┌────────

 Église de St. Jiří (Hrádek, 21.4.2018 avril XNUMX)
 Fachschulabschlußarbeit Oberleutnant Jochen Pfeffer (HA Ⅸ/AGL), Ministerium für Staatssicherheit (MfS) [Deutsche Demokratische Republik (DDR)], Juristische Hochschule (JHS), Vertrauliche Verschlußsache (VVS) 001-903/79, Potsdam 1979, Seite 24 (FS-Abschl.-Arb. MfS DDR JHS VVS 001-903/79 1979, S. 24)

└────────
┌────────

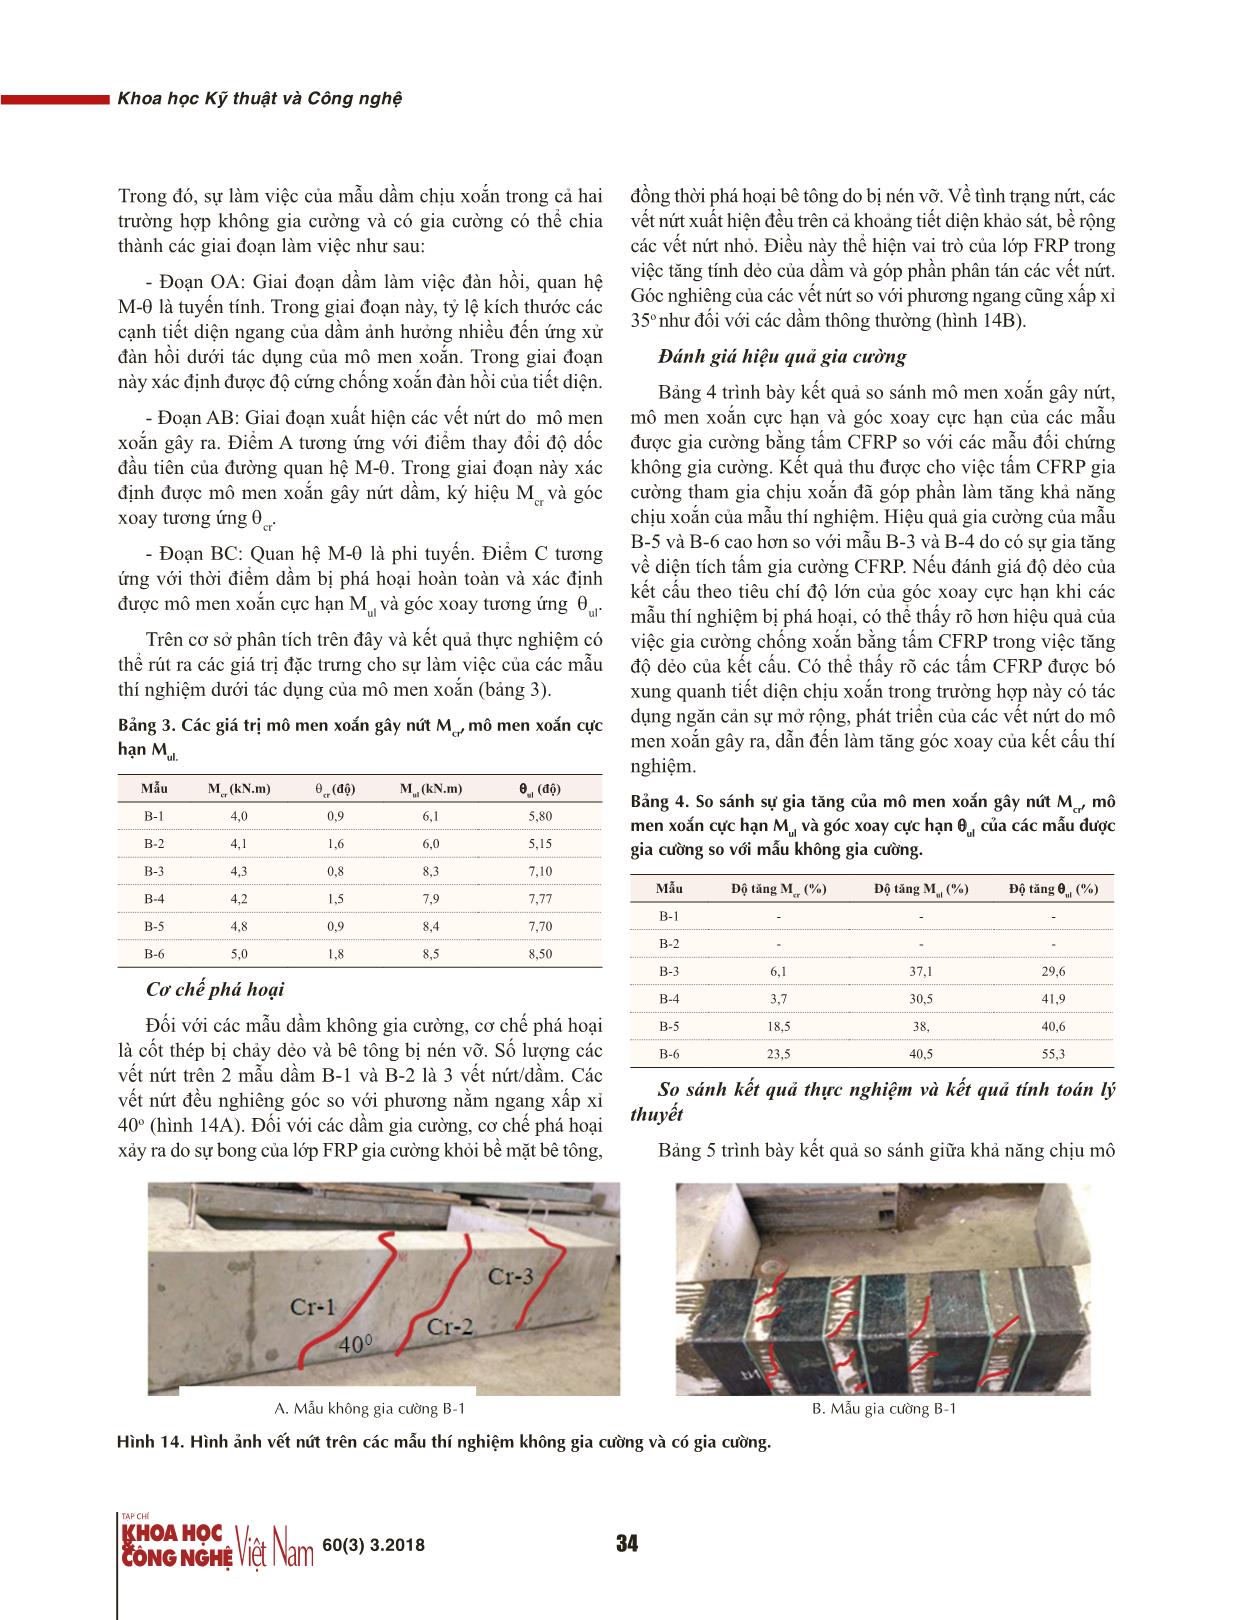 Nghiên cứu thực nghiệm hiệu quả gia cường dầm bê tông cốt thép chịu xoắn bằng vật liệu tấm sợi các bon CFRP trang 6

└────────
┌────────

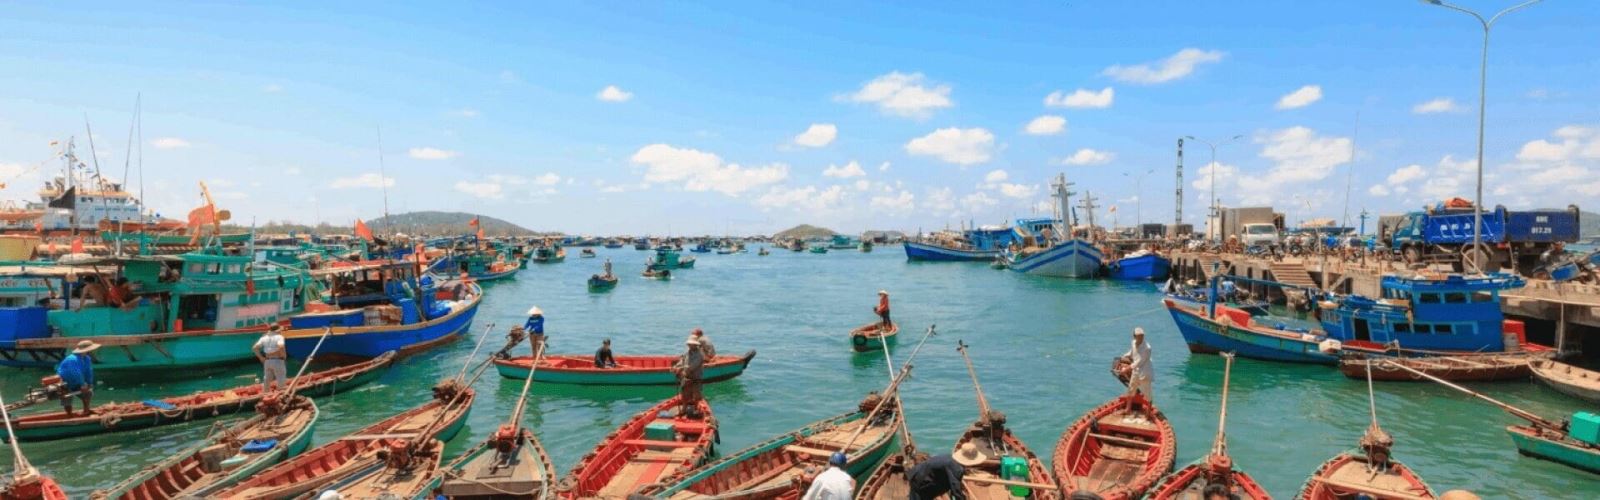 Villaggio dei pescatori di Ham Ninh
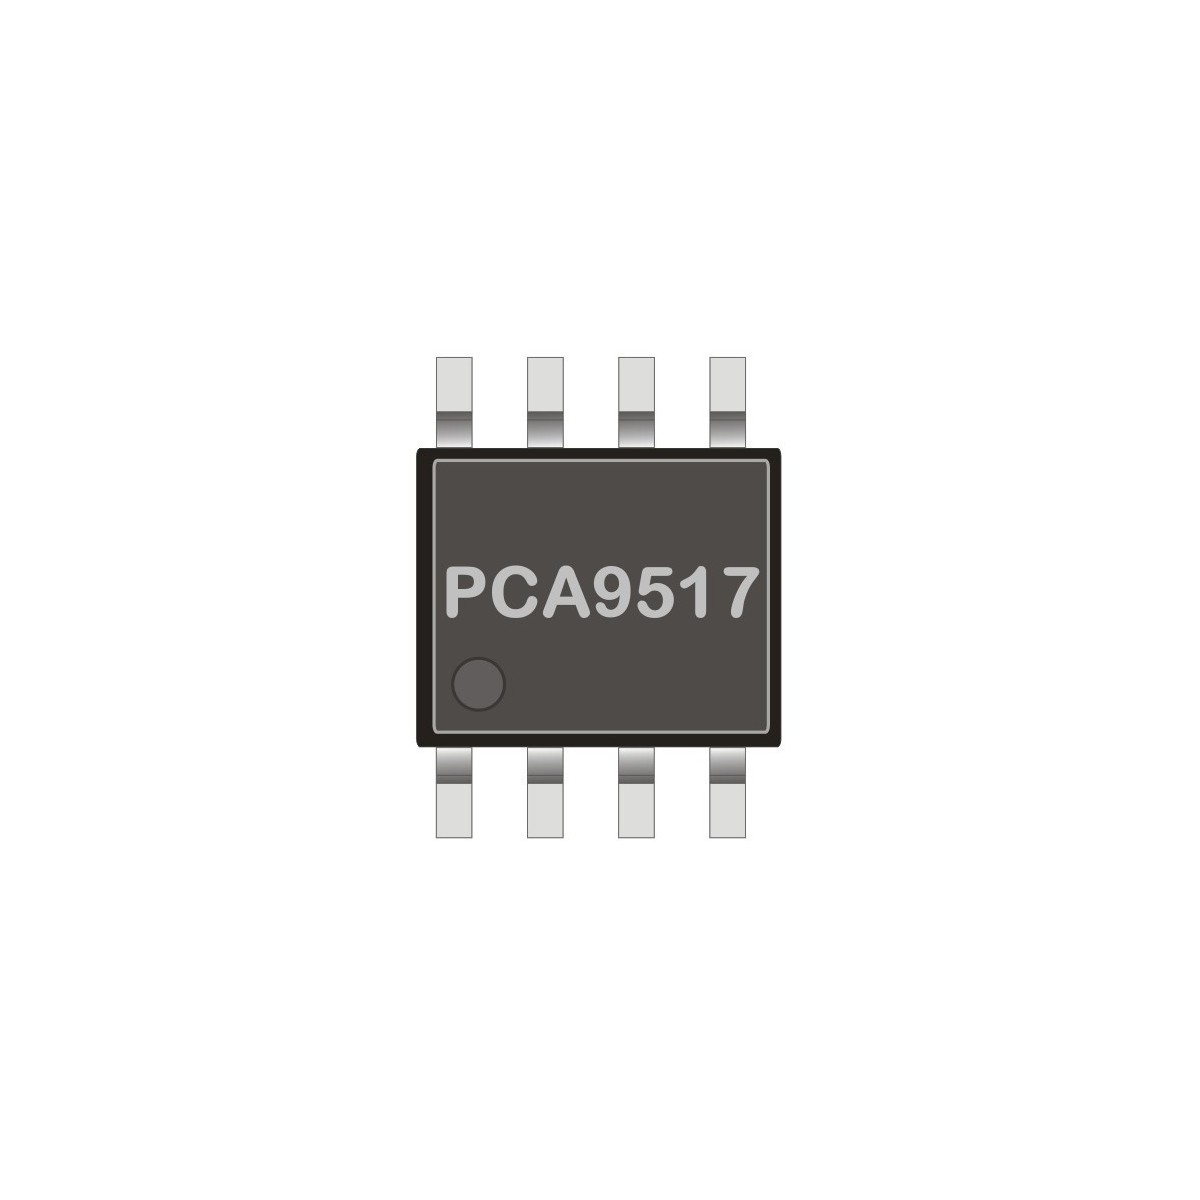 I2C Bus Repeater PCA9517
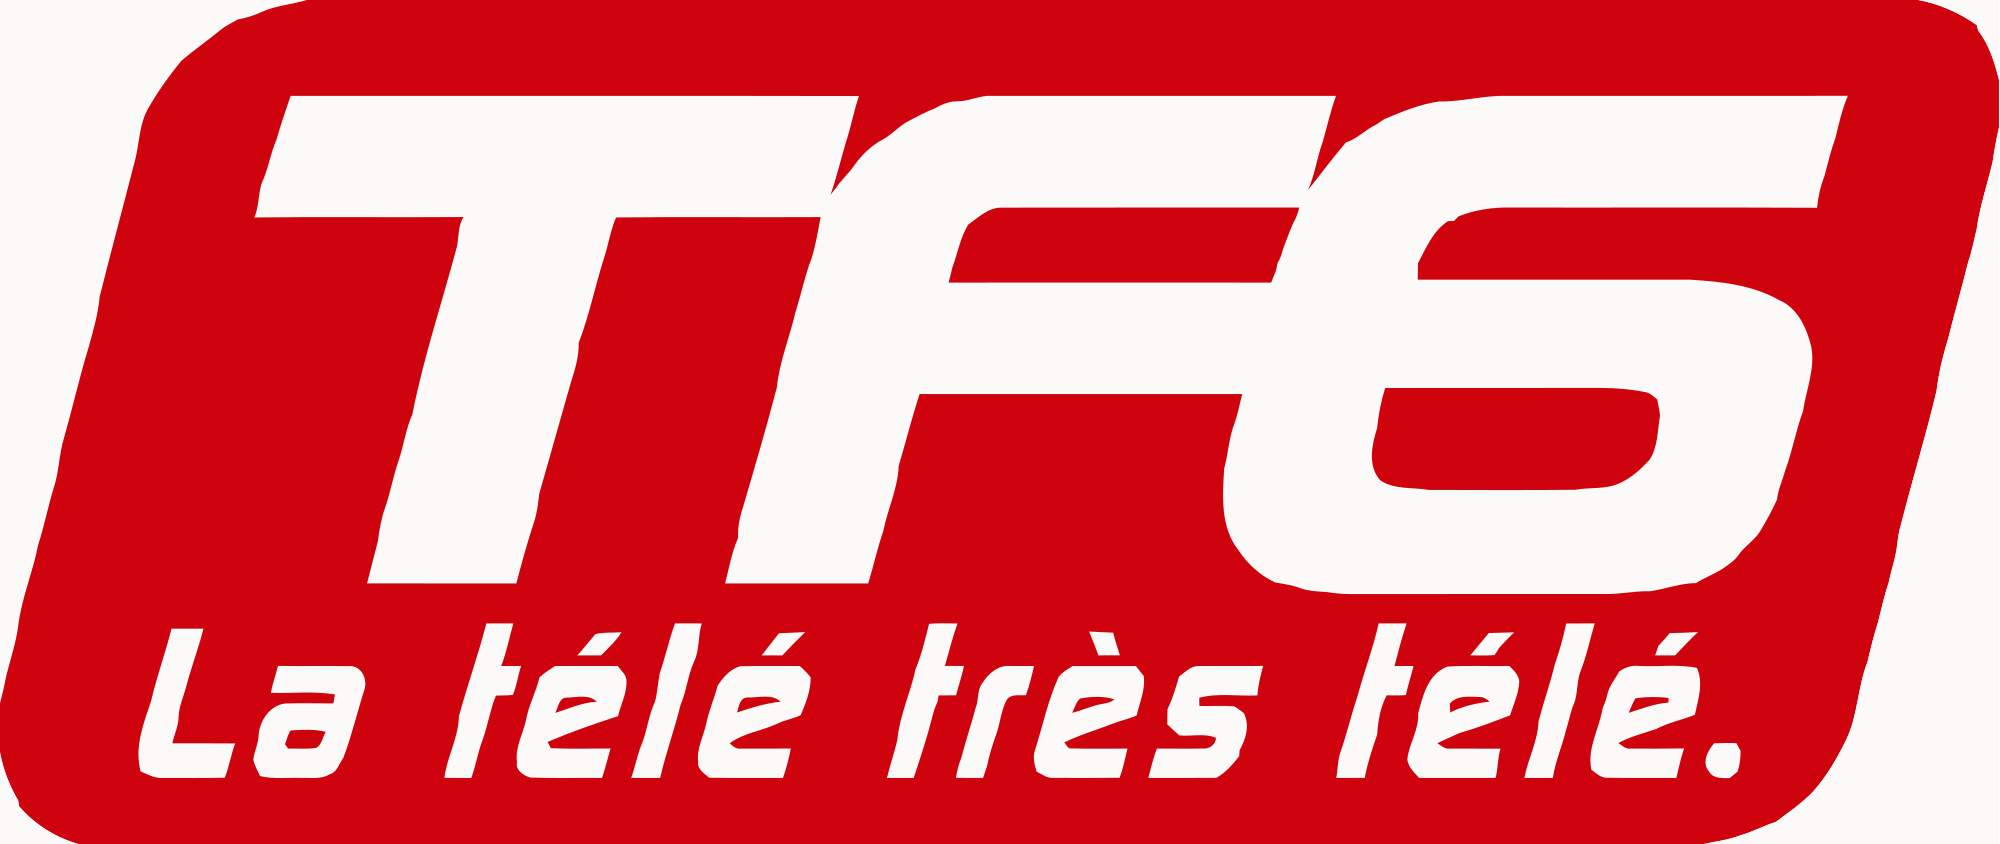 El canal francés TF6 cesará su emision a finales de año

└────────

■ How to complete this task ■
Output exactly the lines of the listing above that start with the one holding "Villaggio dei pescatori di Ham Ninh" and go on through the one holding "El canal francés"; leave the pictures out.

■ Answer section ■
 Villaggio dei pescatori di Ham Ninh
 I2C Bus Repeater PCA9517
 El canal francés TF6 cesará su emision a finales de año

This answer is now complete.